Work request
The answer must reproduce the listing exactly, with every picture left out.

Source material
----
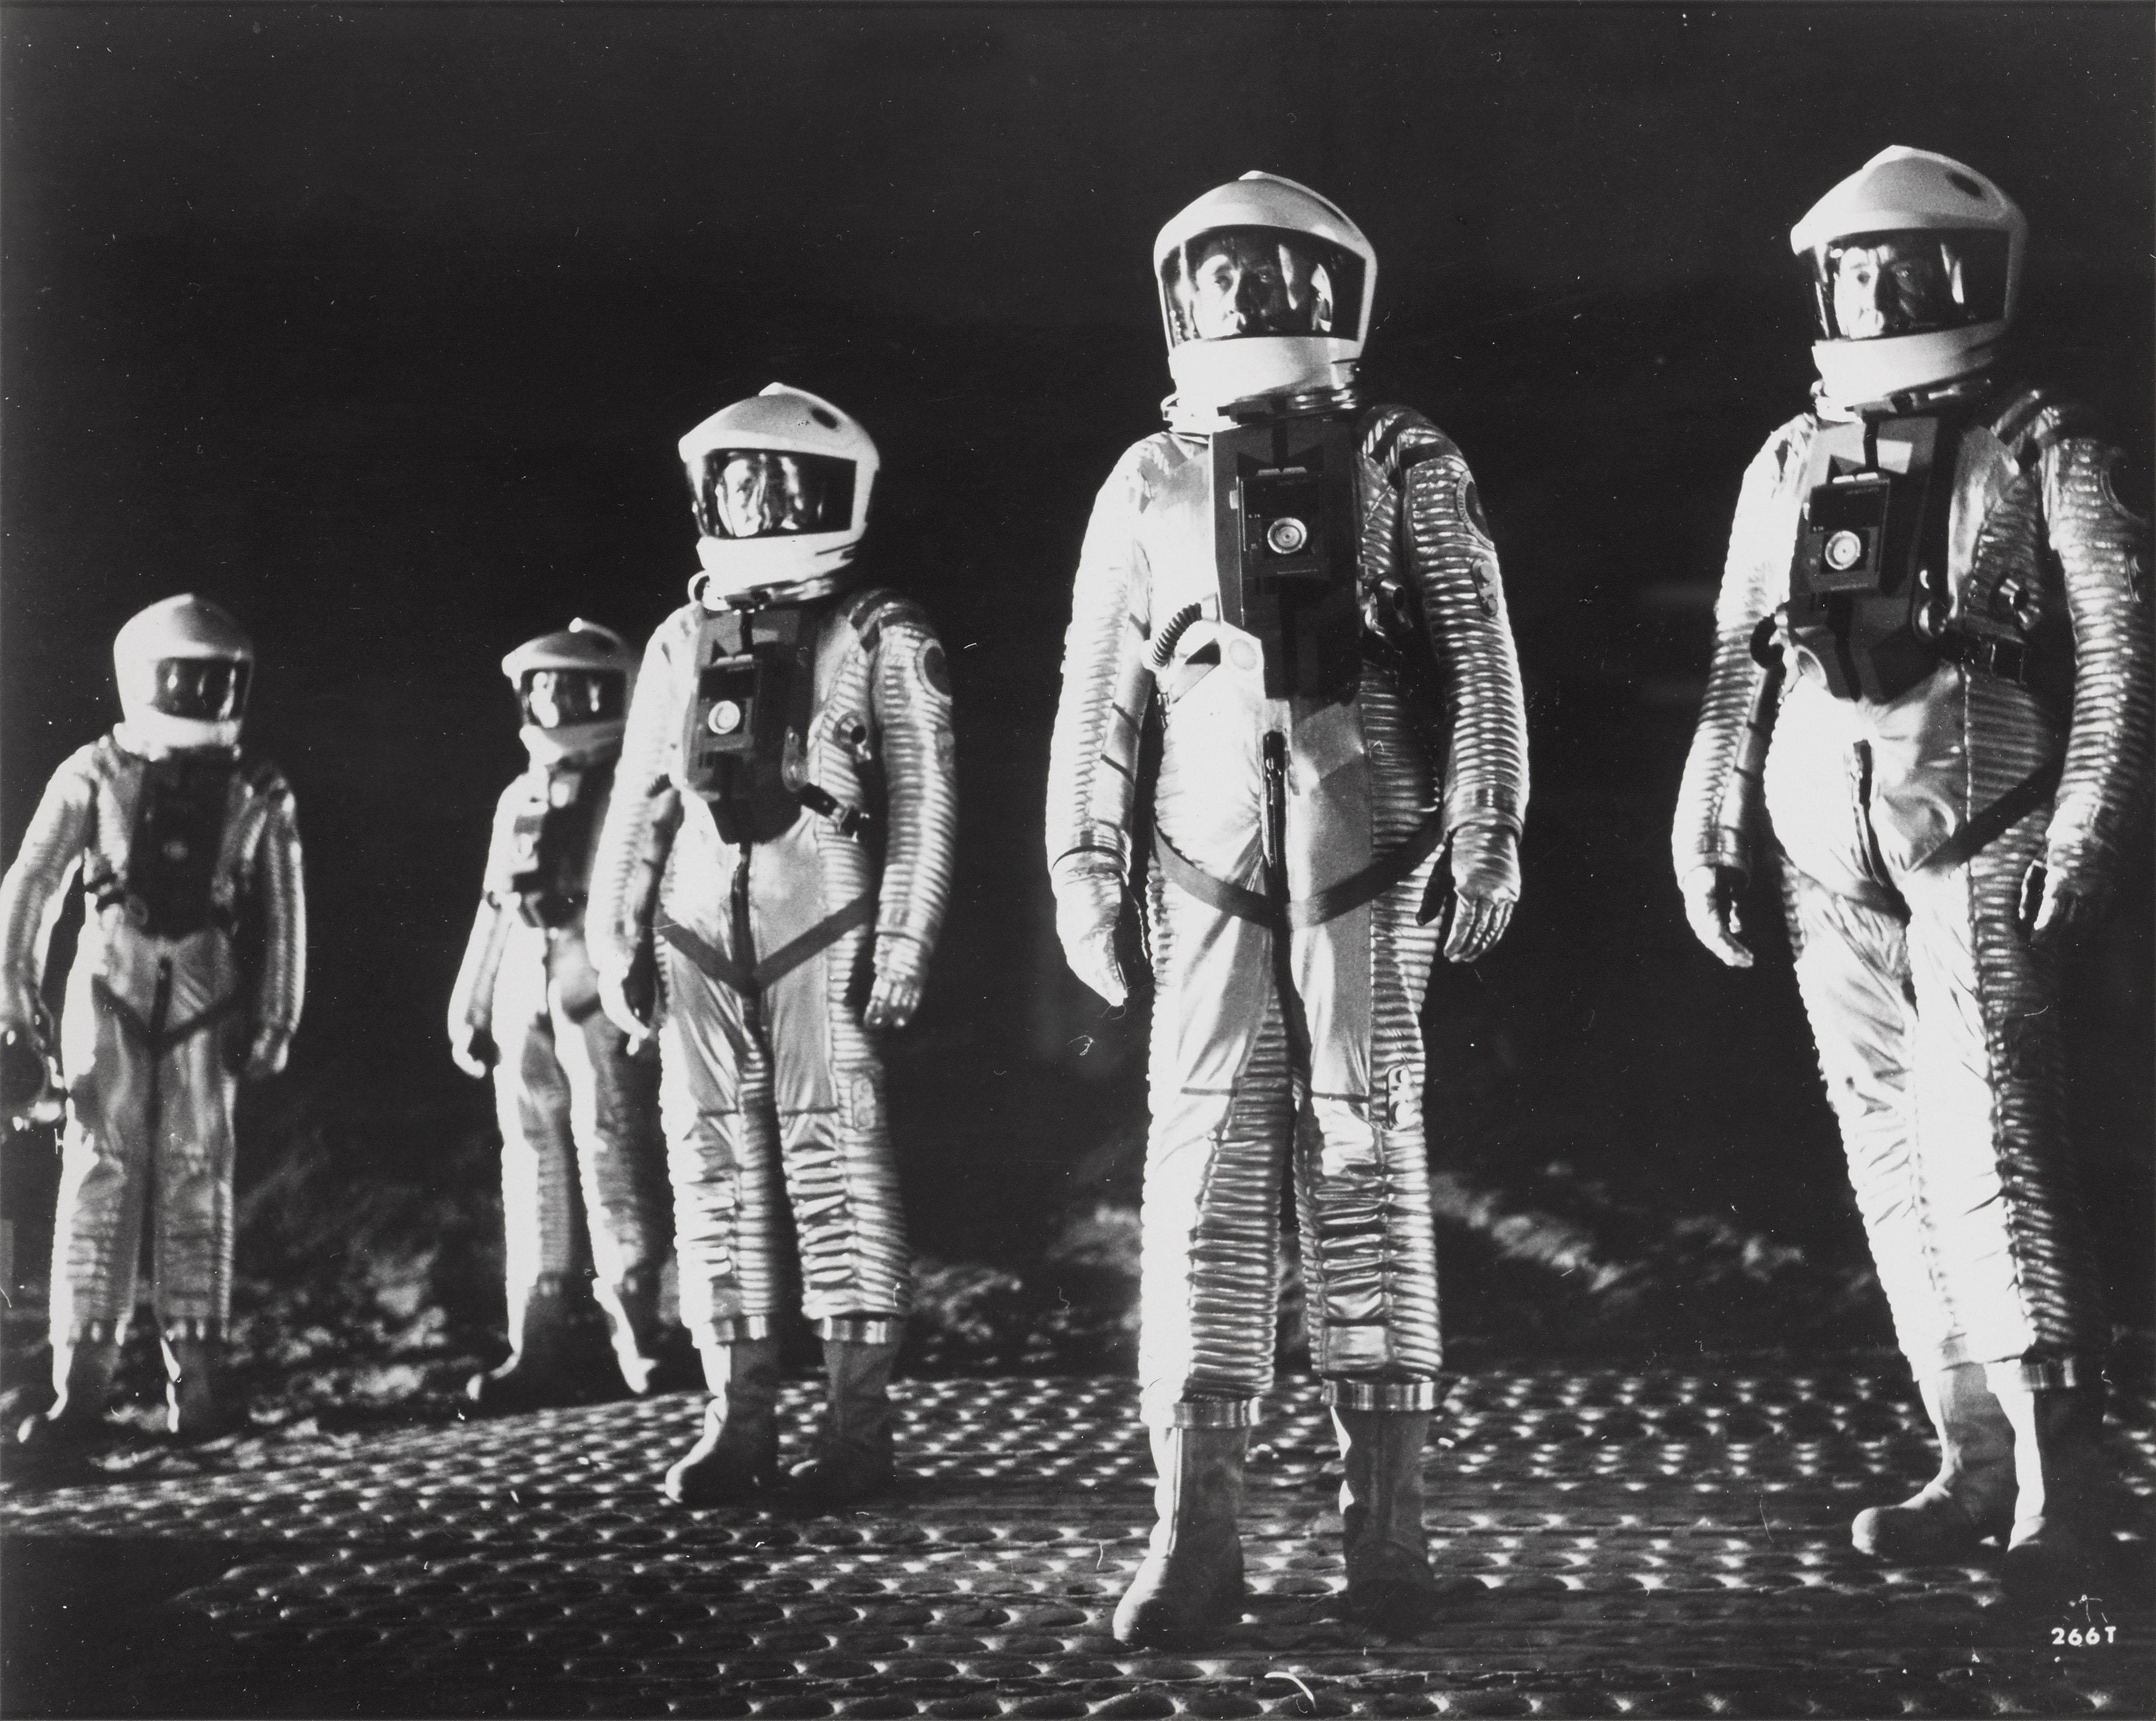 Photo originale du film de science-fiction de Stanley Kubrick, considéré comme l'un des films de science-fiction les plus influents de tous les temps.
Au verso de la pièce se trouve une information originale envoyée avec la photo à l'agence de
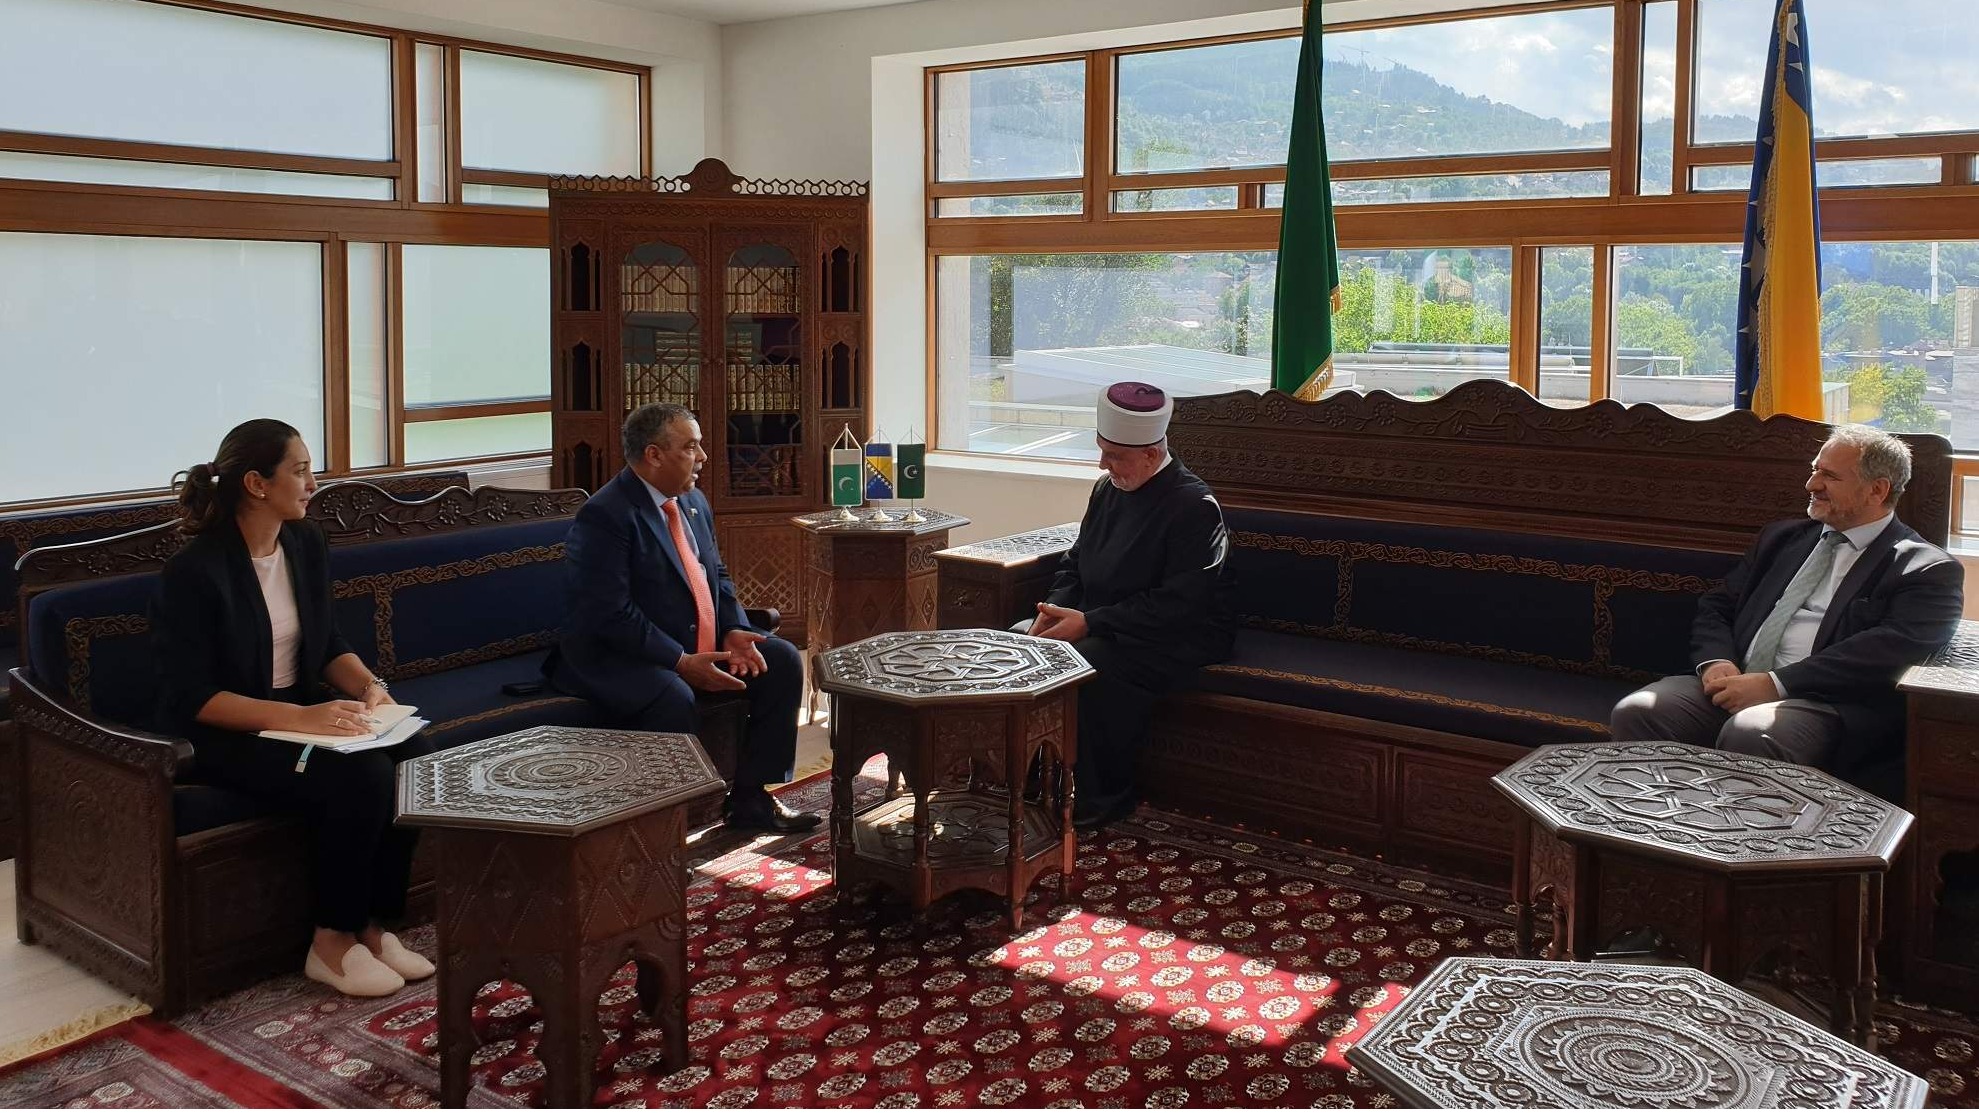 Reisul-ulemu posjetio pakistanski ambasador u našoj zemlji
----
Exercise answer
 Photo originale du film de science-fiction de Stanley Kubrick, considéré comme l'un des films de science-fiction les plus influents de tous les temps.
Au verso de la pièce se trouve une information originale envoyée avec la photo à l'agence de
 Reisul-ulemu posjetio pakistanski ambasador u našoj zemlji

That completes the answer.